[GIVEN DATA]
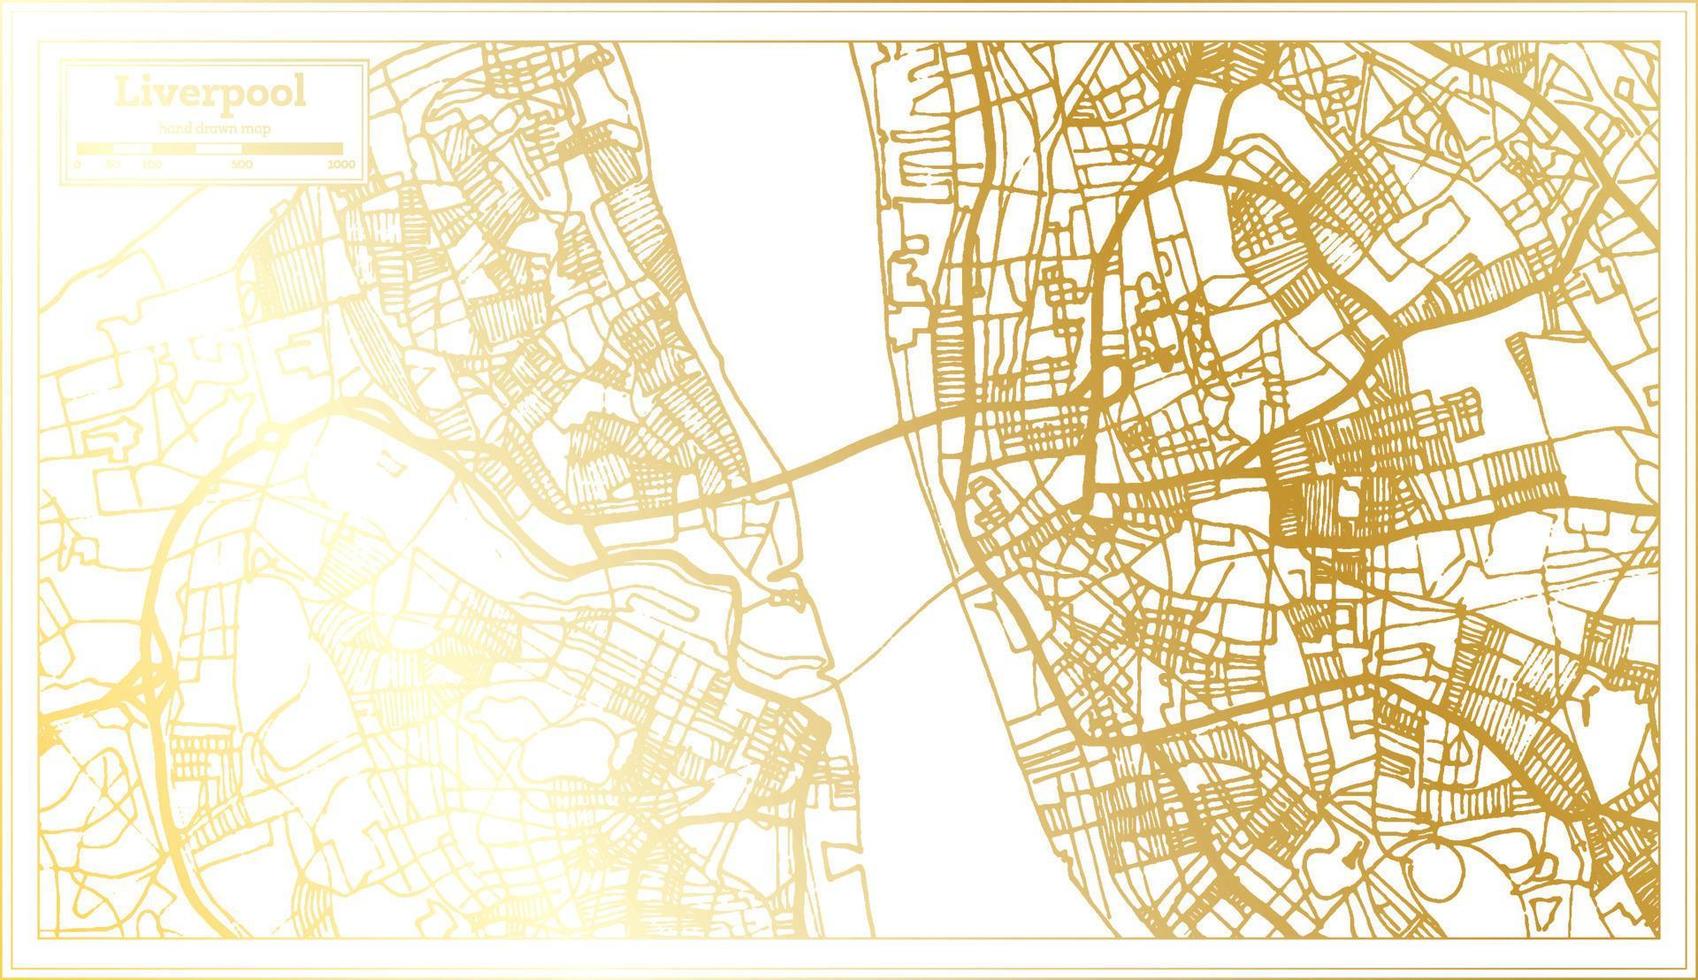 plan de la ville de liverpool angleterre dans un style rétro de couleur dorée. carte muette. vecteur
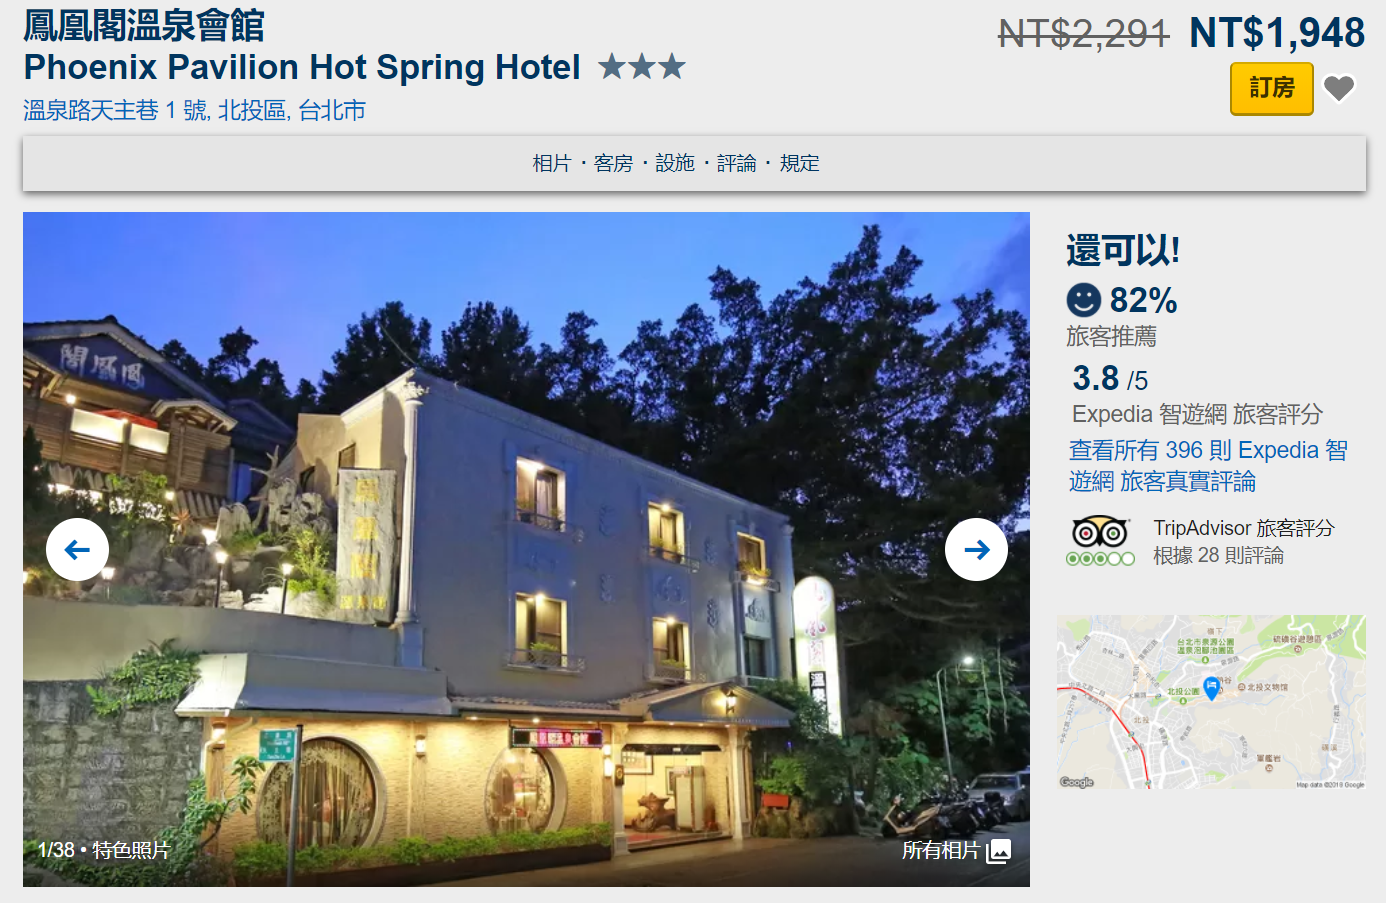 台北、新北溫泉飯店。許願名單與網路評價｜Expedia全台溫泉飯店促銷8折起
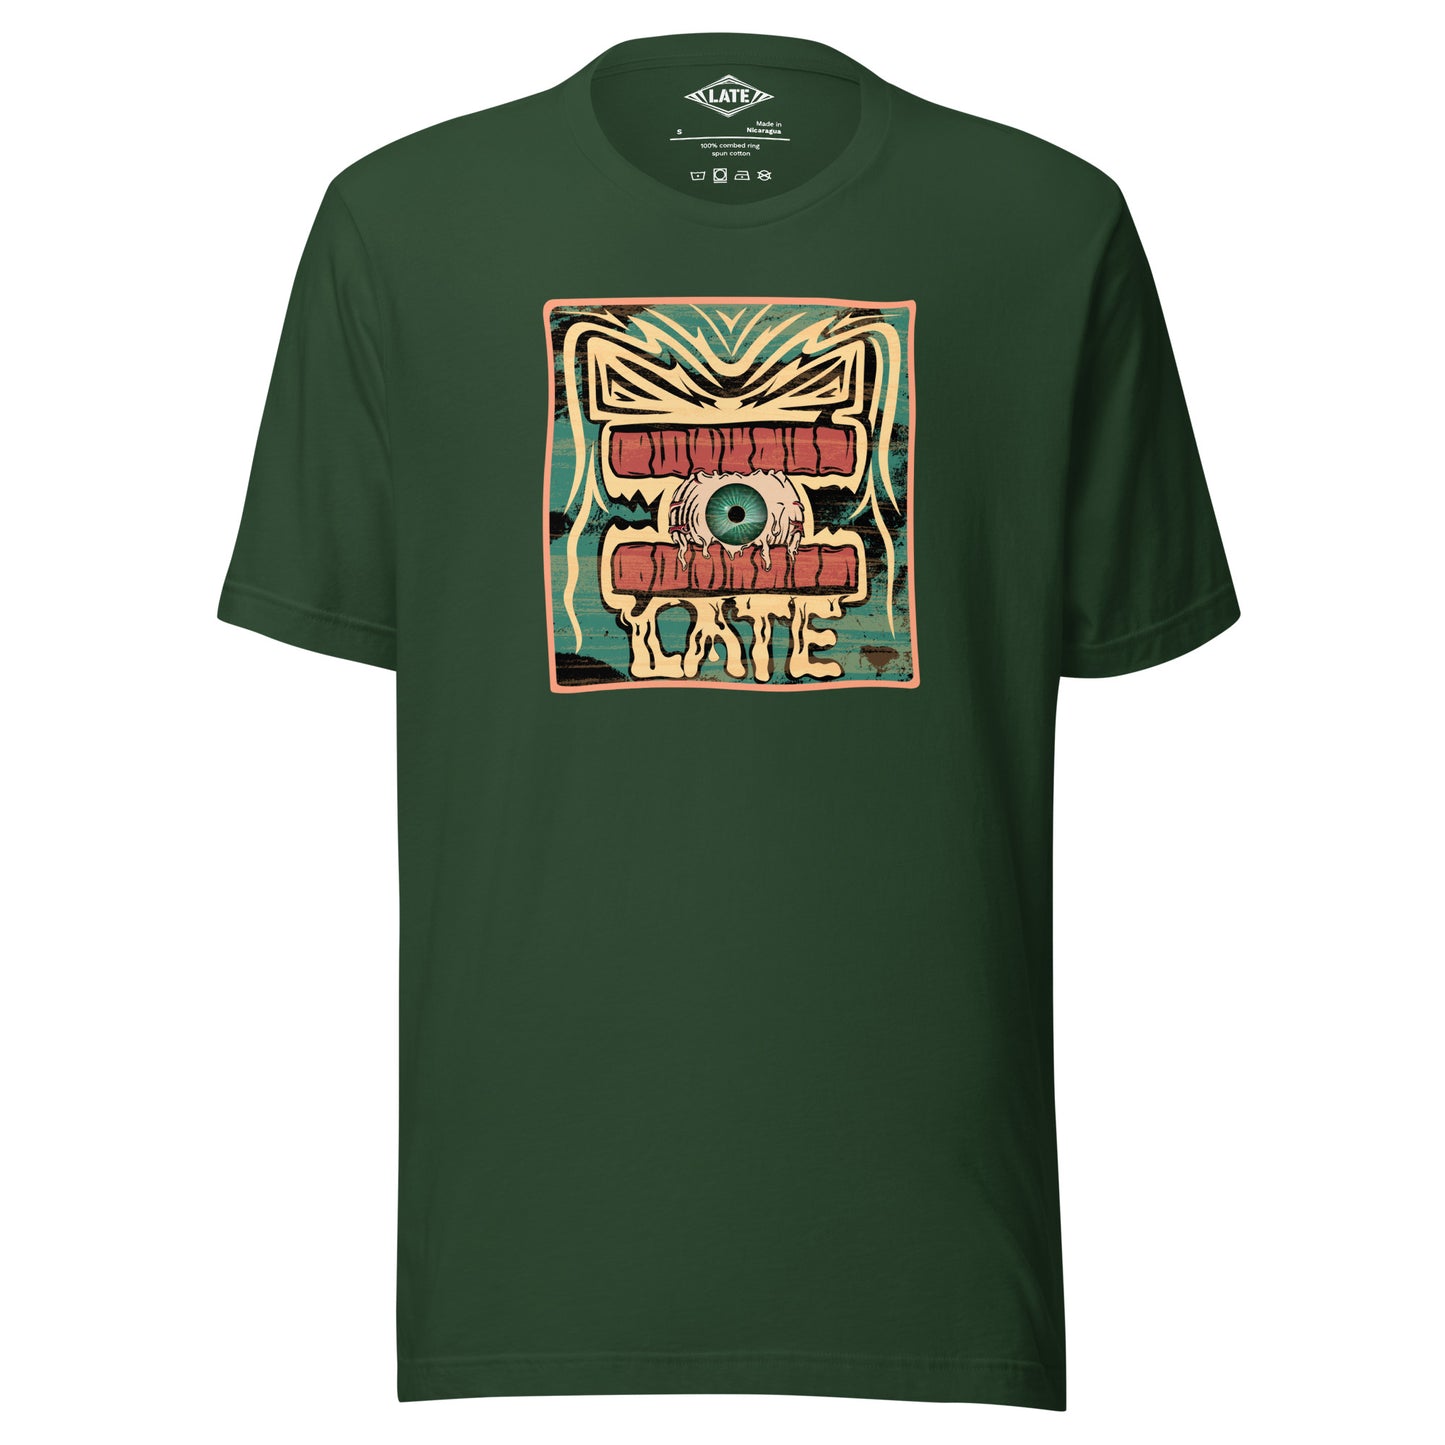 T-shirt rétro skateboarding, design couleur délavée, années 70,80, original dent et oeil skate, tee-shirt unisexe vert foret

[YOUR OBJECTIVE]
Transcribe each line of the material above verbatim, but do not include the images.

[THE COMPLETED TASK]
 plan de la ville de liverpool angleterre dans un style rétro de couleur dorée. carte muette. vecteur
 台北、新北溫泉飯店。許願名單與網路評價｜Expedia全台溫泉飯店促銷8折起
 T-shirt rétro skateboarding, design couleur délavée, années 70,80, original dent et oeil skate, tee-shirt unisexe vert foret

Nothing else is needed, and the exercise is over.